Description

Azure Storage is the widely used service in Azure cloud. Organisations leverage Azure Storage for hosting static websites, mounting compute volumes, event messaging and also for storing objects and files. Azure storage could be integrated with Virtual
Machines, Containers, Kubernetes and even in Serverless compute environments.

Although being the most widely used service, it is also the most widely attacked service. An attacker would look at compromising:

● Static websites through SubDomain takeovers
● Blobs through exposed containers
● Queues through exposed SAS tokens
● A complete account takeover through application vulnerabilities and other security misconfigurations.

This talk will commence with an introduction to Azure storage , detailing the categories of storage such as Blob, File, Table and Queue. We will then talk about Default configurations commonly used and threats against storage accounts. Finally, the talk will end with a variety of demos of compromising Azure storage through multiple attack vectors.
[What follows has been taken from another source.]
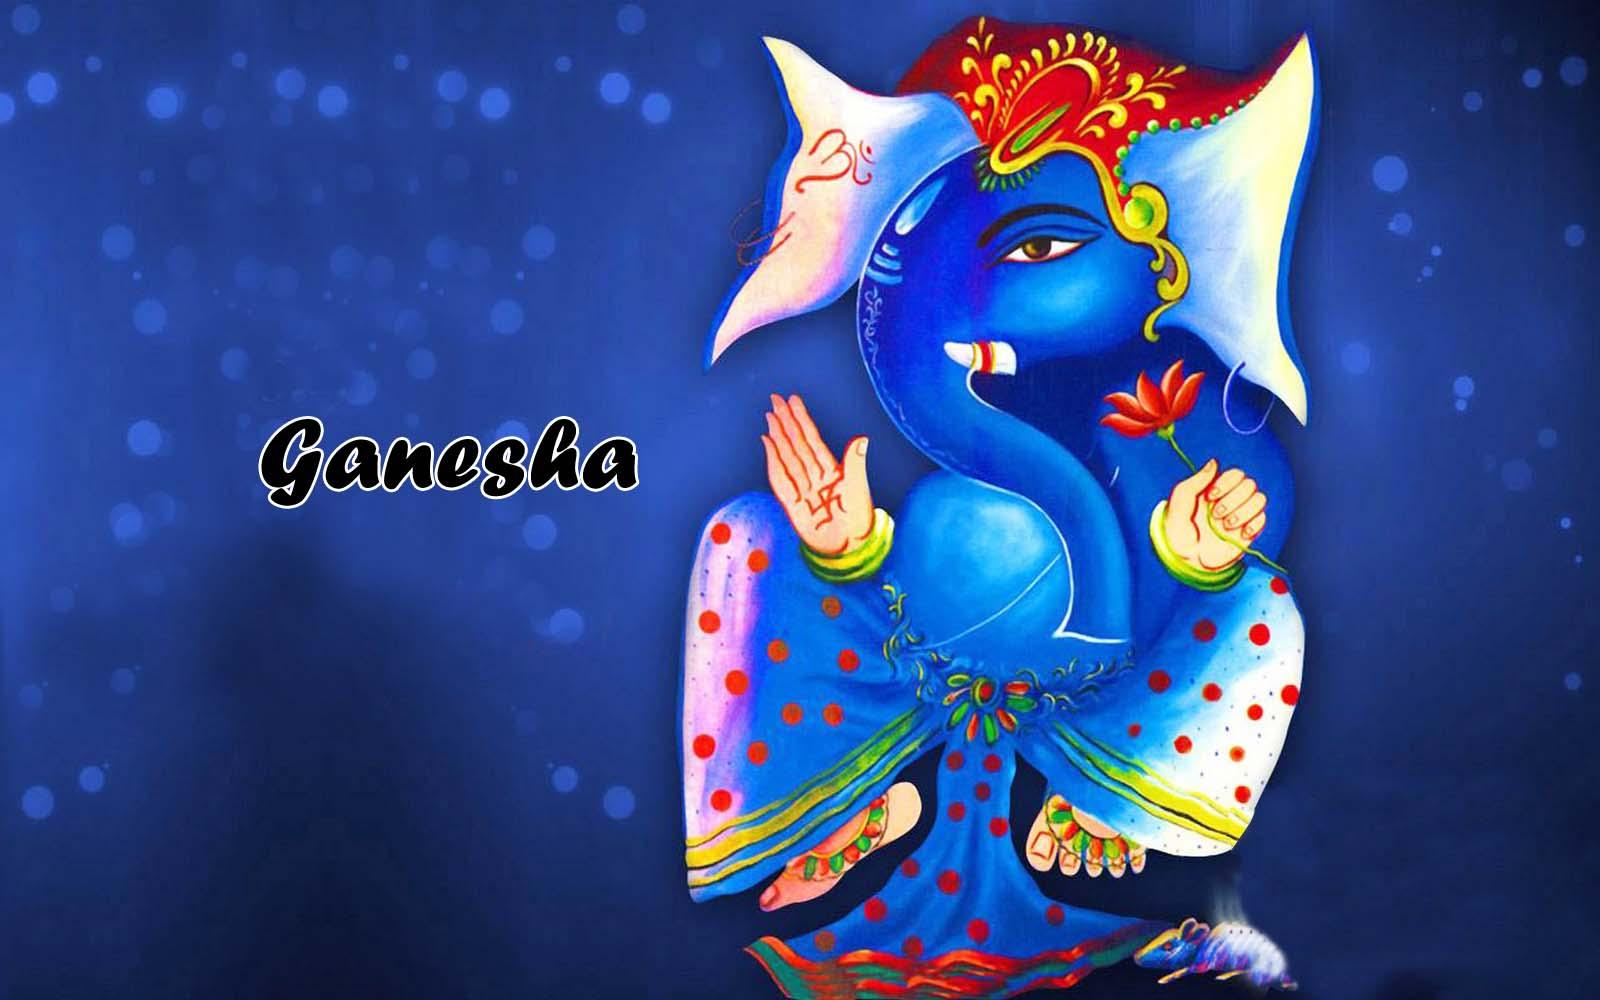 Ganesha Hd New Wallpapers Free Download - Xxx Sex Fuck -9922

This talk presents a red-team perspective of the various ways in which testers can discover and exploit Azure storage to compromise sensitive information. The talk will have some demos that will demonstrate practical attacks and attack possibilities against Azure storage.

About the speaker

Sharath Kumar Ramadas is the Principal Researcher (R&D) at we45. He has architected and developed multiple solutions around security engineering, including an Application Vulnerability Correlation tool called Orchestron. As part of his experience with Application Security, Sharath has developed integrations for multiple security products including DAST, SAST, SCA and Cloud environments.

Sharath has extensive experience with Cloud Deployments and Container Native Deployments. As part of his role in a security organization, he has led teams that have created intentionally vulnerable apps for CTF competitions both inside and outside we45.

Sharath is a speaker at multiple events around Cloud, Containers, Kubernetes and DevSecOps. He is also the Author of Azure Security Trainings from we45.